As a band, money is always involved. If you want to make a living as a band you have to sell your music to people. So it’s all very well for legends like Tom Waits with a cast-iron back catalogue to refuse all commercial use of his music, because he can afford to. But I have seen too many of my friends play shitty gigs in grotty venues where the few people there spend the entire evening talking over the music to begrudge anyone saying ‘oh, sod it, alright’ if a company wants to use their song in a trailer, even for something as meretricious as the Disney Channel.
But as to marketing by association, it is almost certainly something we are going to have to get used to, and I don’t think it will be easy to do so. I detest, absolutely detest, the sort of American TV show that is becoming one of the best sources of exposure for emerging bands. Teeth-grindingly awful programs like The OC, Grey’s Anatomy, Lost and, going a little further back in time, Dawson’s fucking Creek. I don’t know what’s worse, their toe-curling desperation to be so cool they could sprain something at any minute or the need for society to have the empty, passive act of watching the same pointless television programs in common to act as some sort of social glue.
Consequently, if the scabrous marketing departments for these entities alight upon the same things as myself in the search for the new and the interesting then I genuinely feel tainted by association. You may think this is shallow, but I make no apology. It feels a bit less special if it has been fondled by the slippery fingers of the bleeding edge marketeers of this world, and I feel a bit less happy to like it.
That said, one of the best sources of exposure for our favourite bands is increasingly going to be this sort of circle-jerk festival of mutual ego massage which reeks of selling out – it just smells as fishy as hell to me – but I don’t think it really is. I may be aggravated if I were to hear, say, Honeytrap on The OC, because it is a program made about cunts, by cunts for cunts, but it would certainly not be Honeytrap’s fault. Those producers are basically fans, the same as we are. They’re only possibly compromising themselves in doing so, if they are claiming to like bands they don’t just because they thing The Kids will be impressed. But in this case, again, it is not the band, it is them.
So Madonna writing songs to peddle Gap clothes which she may like, but I would put money on her not loving, is selling out. This imbecilic stunt is certainly selling out. But music is still a commercial industry, and selling your music to people is an unavoidable part of the business. So fuck, if someone, even in The OC, mentioned reading Song, by Toad I’d fall off my chair in delighted surprise.

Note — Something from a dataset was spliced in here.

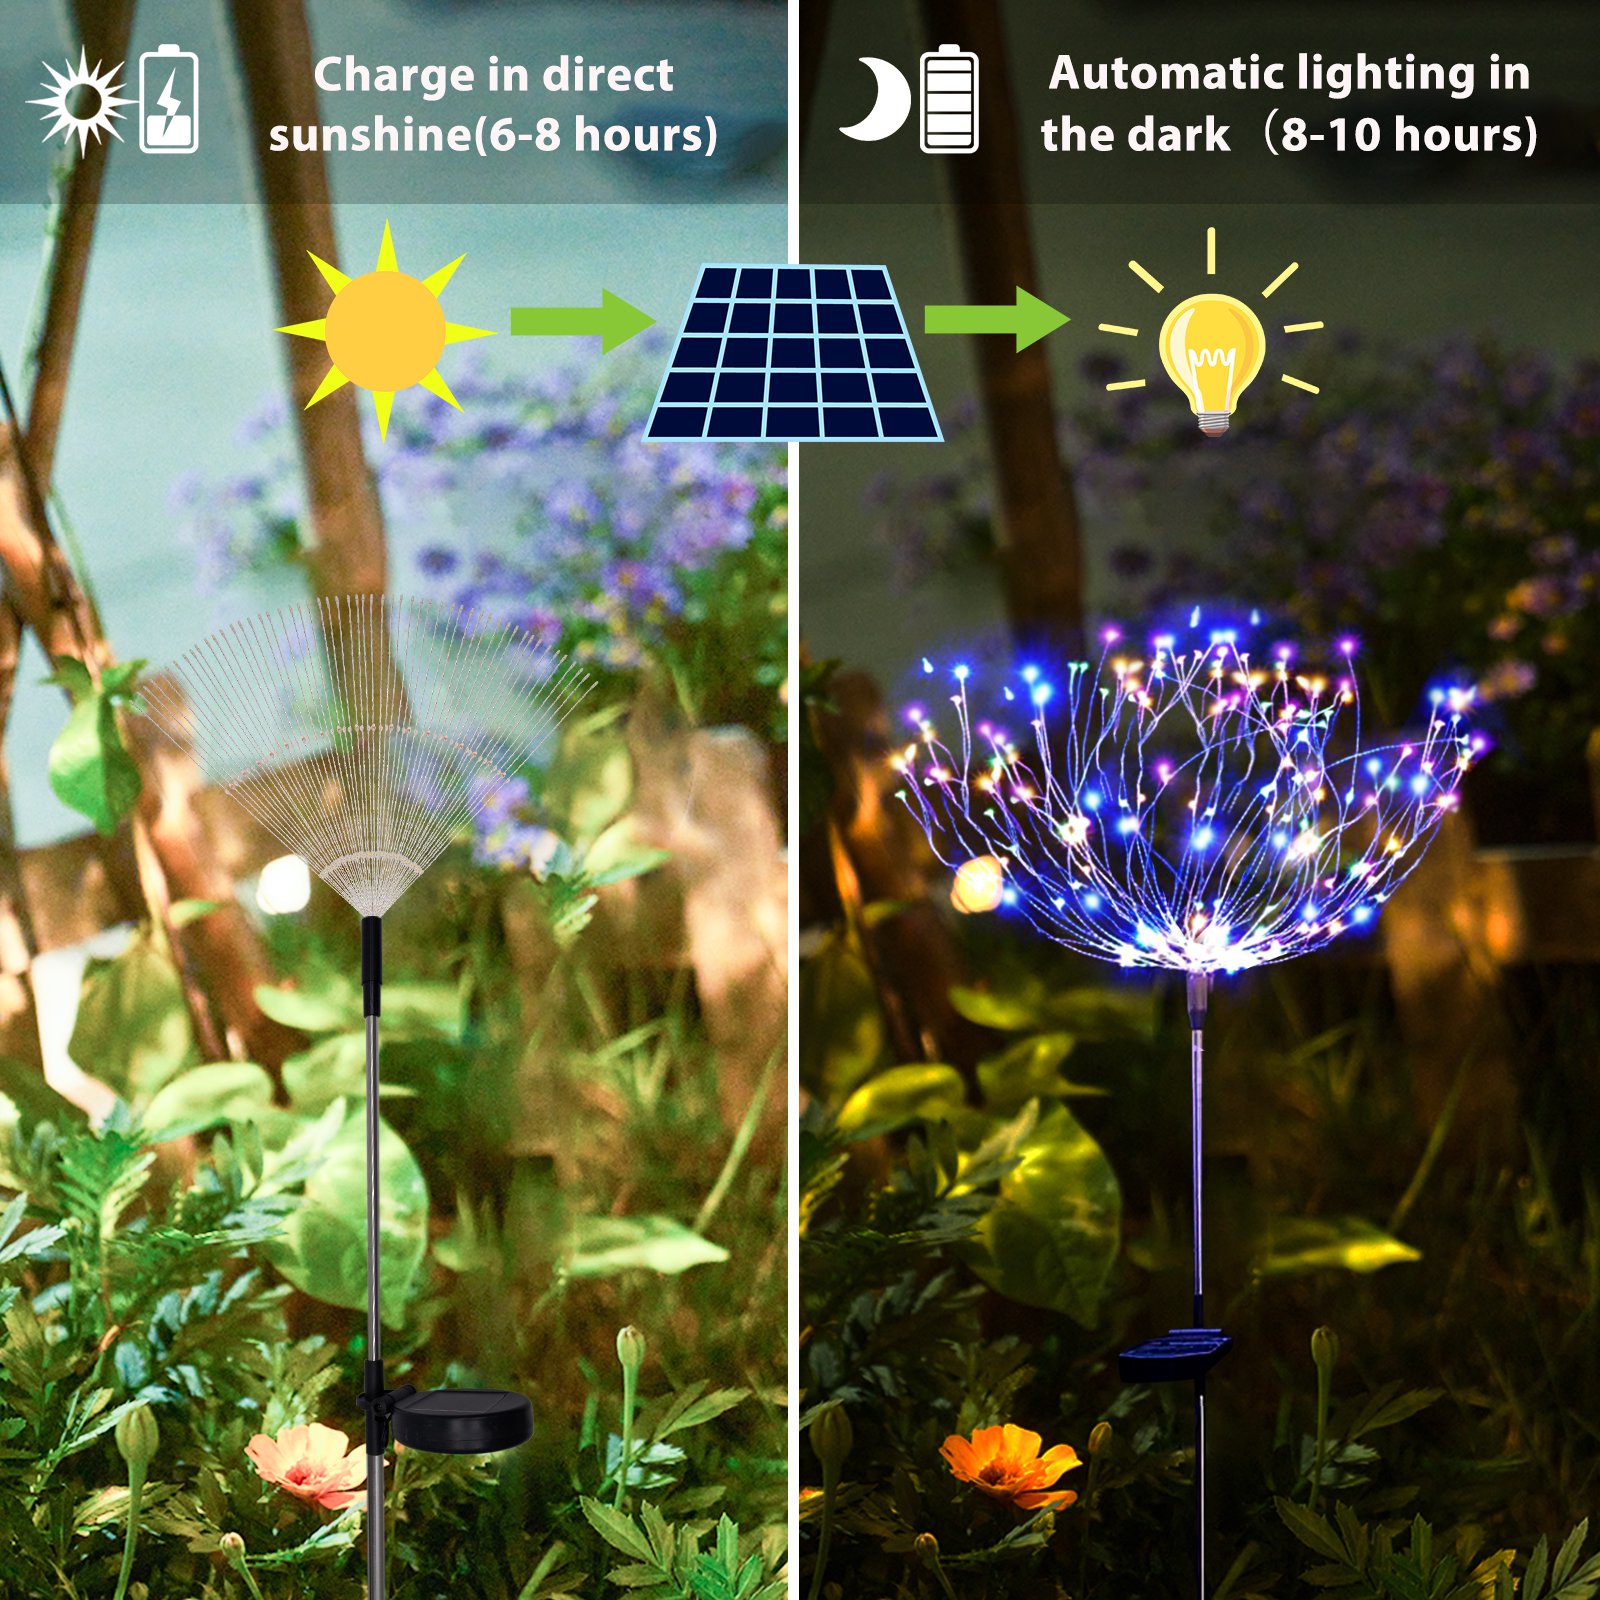 LED-Flood-Street-Lights-Solar-Garden-Lights-Fireworks-Lights-Outdoor-Waterproof-120-LED-2-Lighting-Modes-Auto-On-Off-Solar-Outdoor-Lights-for-Pathway-Yard-Christmas-Party-etc-34

But as soon as money is involved, we need to be very suspicious. Bands may well be honest in their support of products, but it is sincerity that seems to me to be the core of the sell-out. Sincerity is notoriously hard to detect though, especially as we have a nasty habit of conflating a band’s opinions and motives with our own. But I do believe that in the end a consistent lack of sincerity is very hard to keep hidden, so don’t worry about what your band chooses to associate themselves with, worry about how much they seem to mean it. Even Chris Martin, for all his crimes against music, seems sincere.
Honeytrap – Death Before the Silver Screen My favourite song of the year? Quite possibly.
The Clash – Complete Control
Barry Adamson – You Sold Your Dreams
And, for the kings and queens of advertising, I actually really like these two songs. Yes, Moby. Ah fuck off, so crucify me. I like it, alright?